While re3data, DataCite and FAIRsharing are all popular and extensive lists, the quantity of repositories listed in them exceeded the time parameters of the project. The Restricted Access Repositories spreadsheet also only provides additional information for repositories matching the project criteria, which limits the usefulness of the spreadsheet for researchers outside the social sciences. In addition to reviewing lists of repositories excluded in this project, there is significant value to be added to this resource by expanding the details related to science, humanities, and medical research data sharing, which were generally out of scope for the initial iteration of the project.

Conclusion

In our repository review, ICPSR, a generalist repository with mediated data deposit, stood out as an excellent repository to consider for social science researchers looking to archive sensitive data.

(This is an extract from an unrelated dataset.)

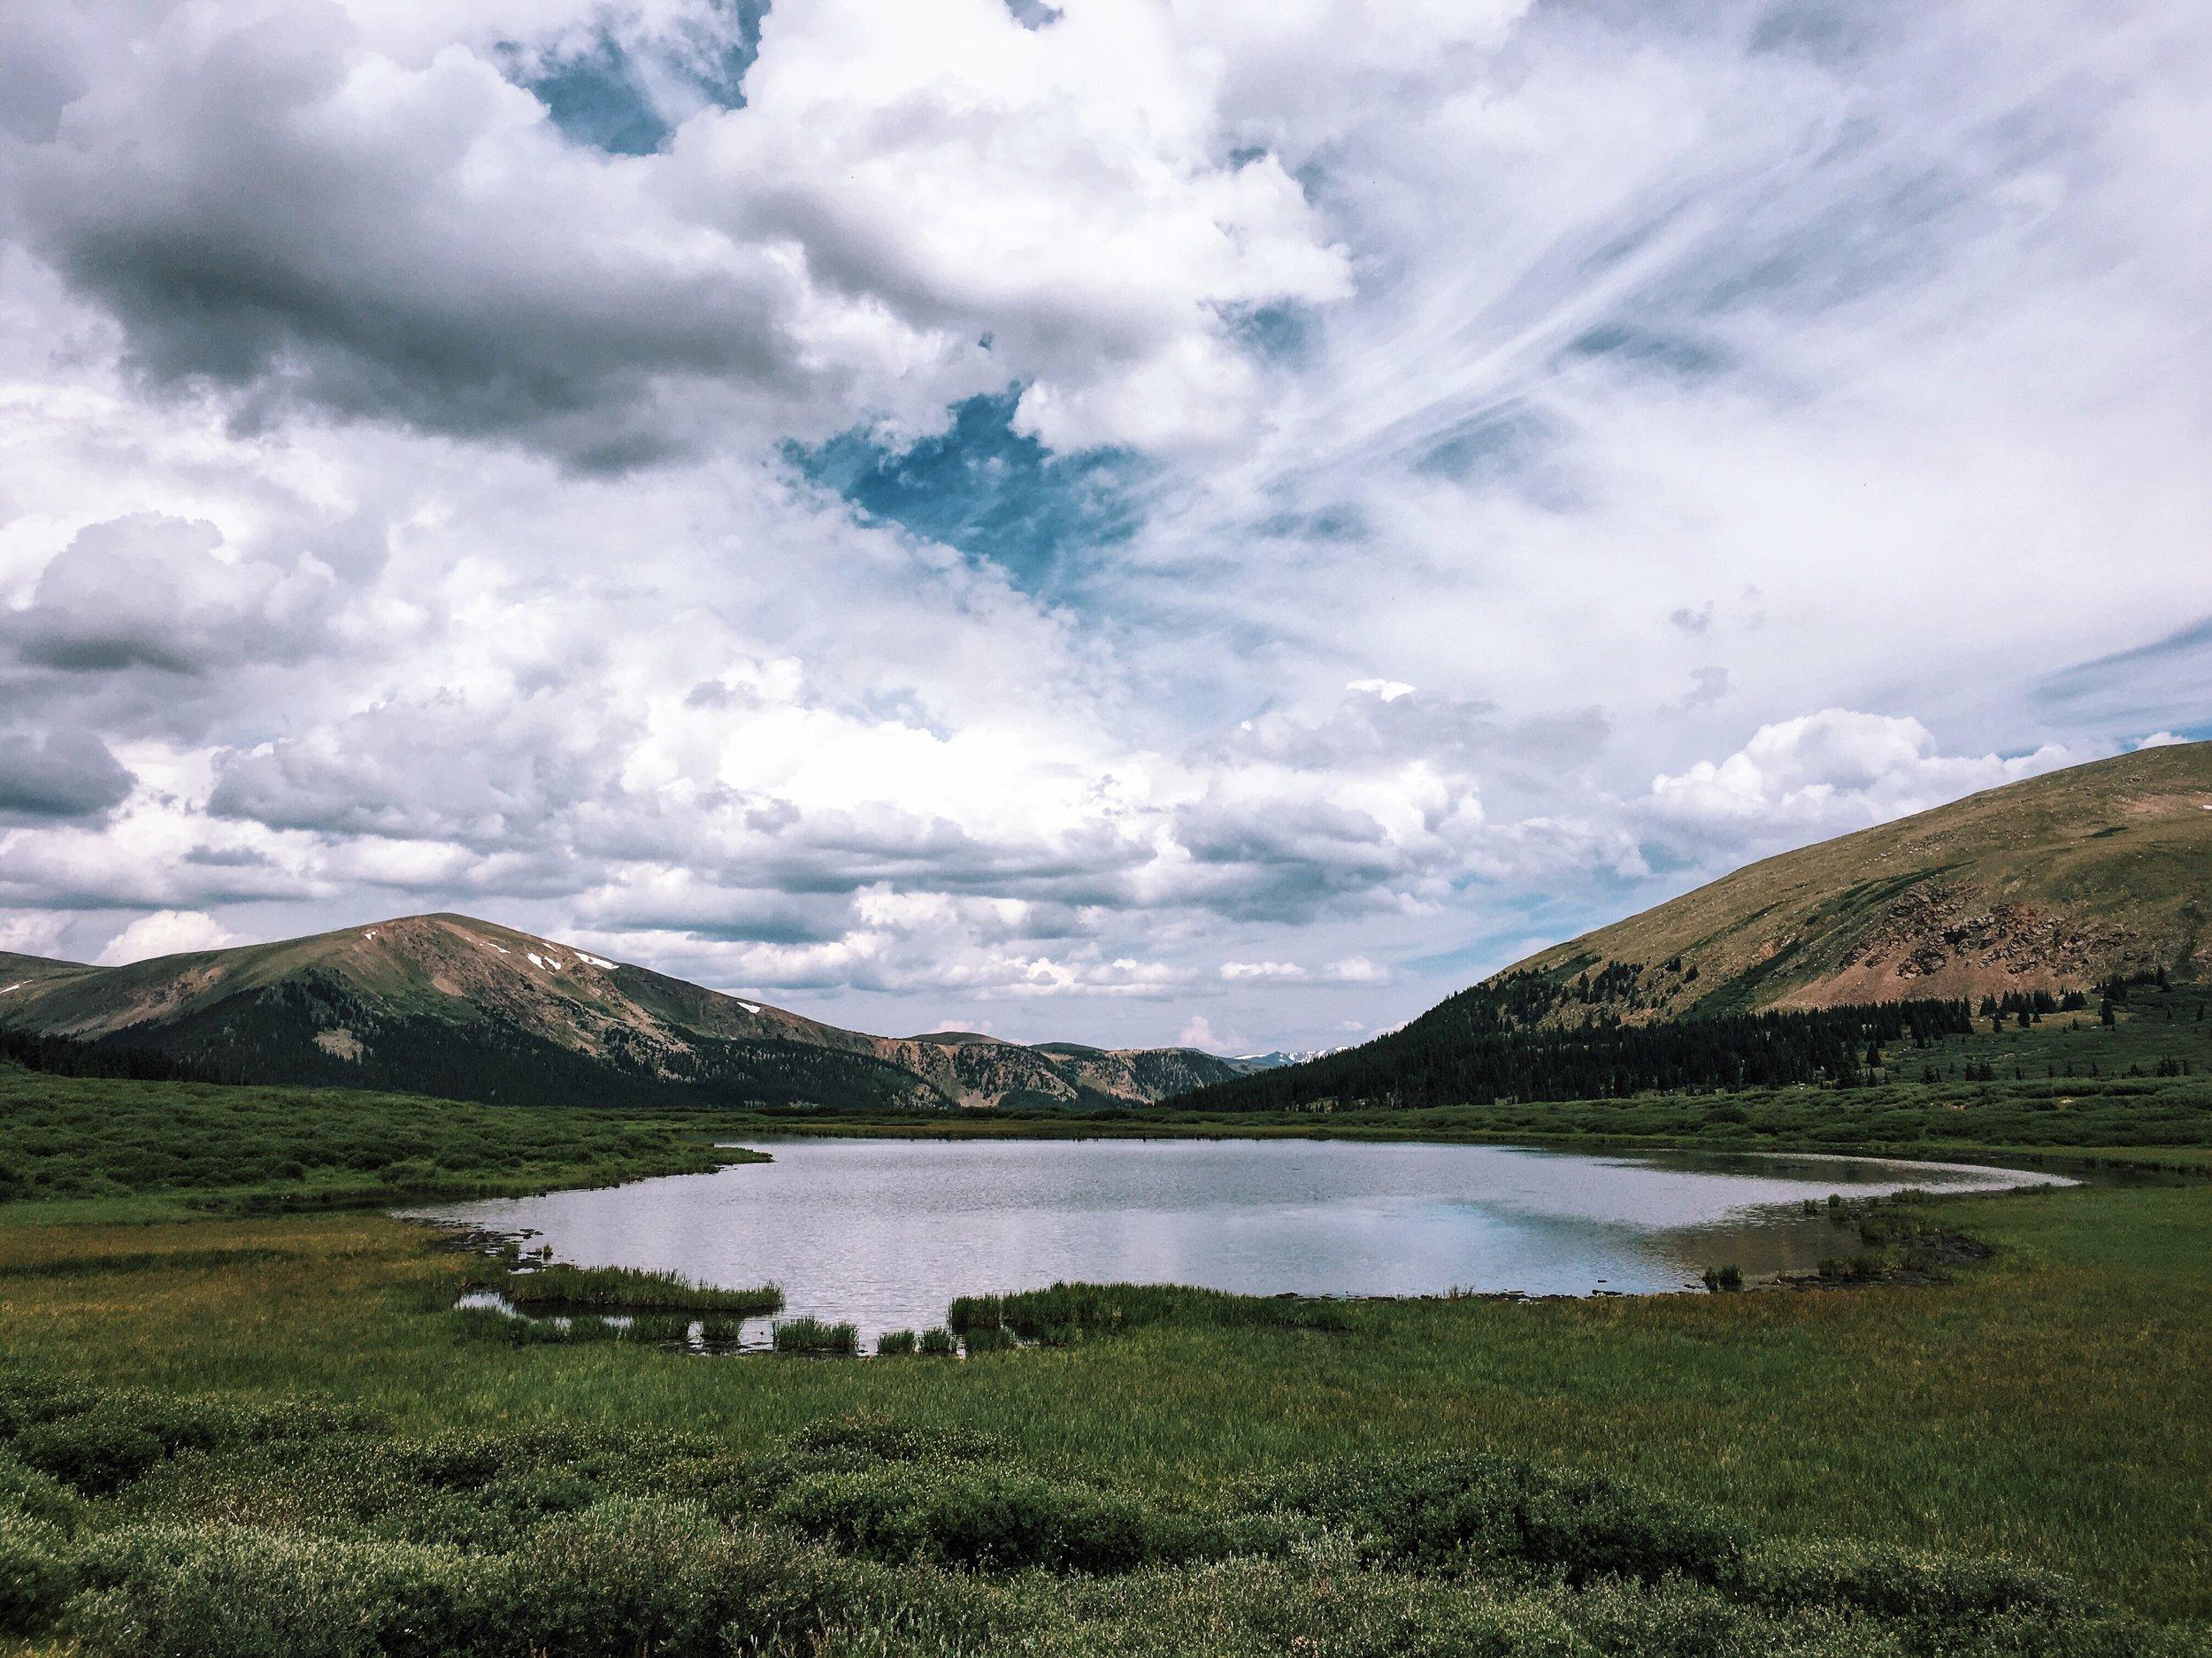 Mt. Bierstadt, Colorado
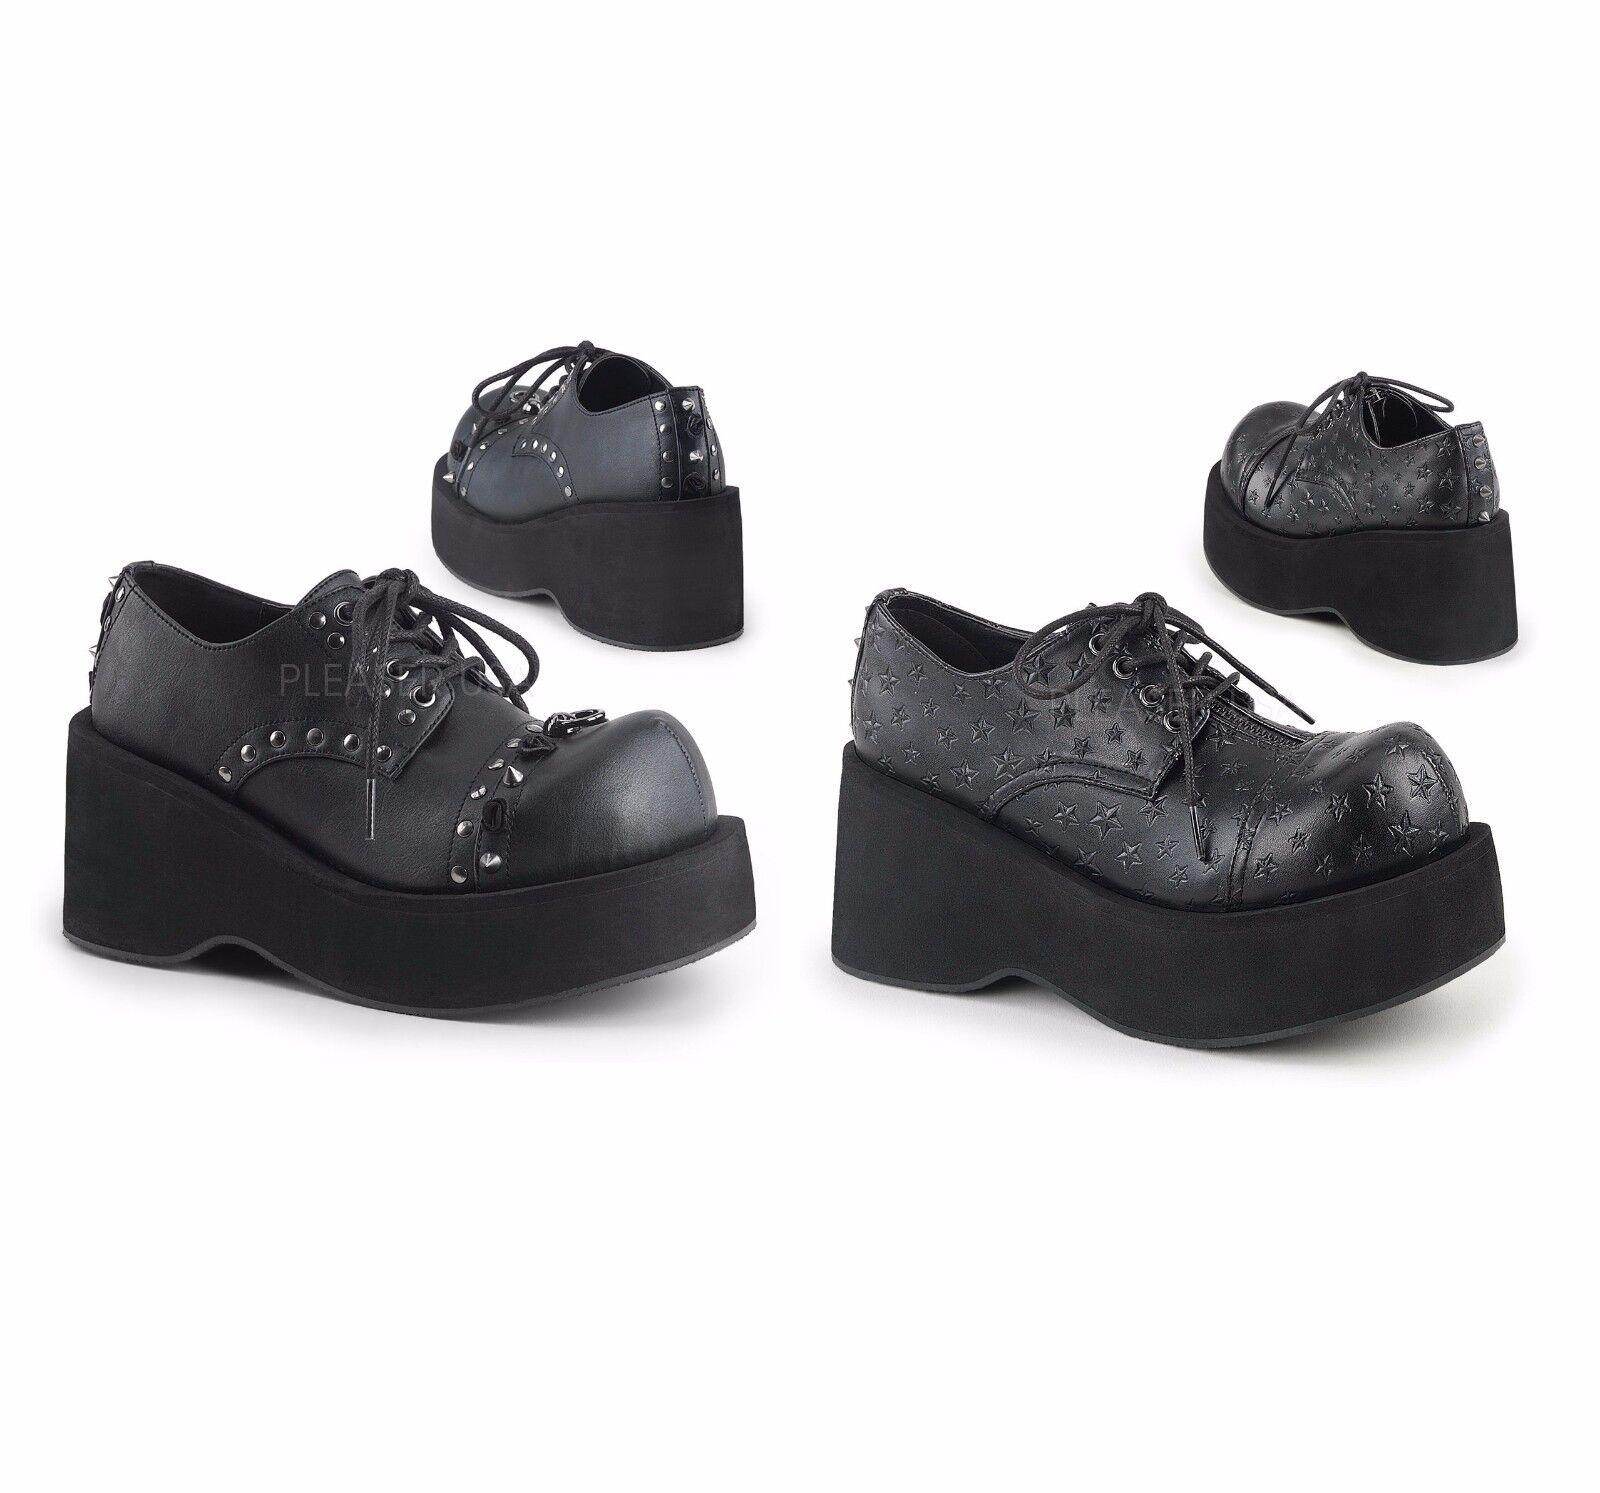 Demonia DANK 111 Schuhe Up Damenschuhe Platform Lace Up Schuhe Oxford Schuhe ... 87c742

The other data repositories outlined in our resource are varying degrees of discipline specific, which would be great choices if a researcher’s dataset aligns with their focus.

Although many researchers never need to deposit sensitive data, for those who do, resources that support this need are pivotal for their success. Funders that require data sharing are no longer as quick to accept to the impossibility of sharing sensitive data and instead are looking for researchers to make decisions that will support sharing in some way: be that by developing fully anonymous datasets or by depositing sensitive data into a repository with appropriate policies, processes, and security infrastructure to support proper management of the data.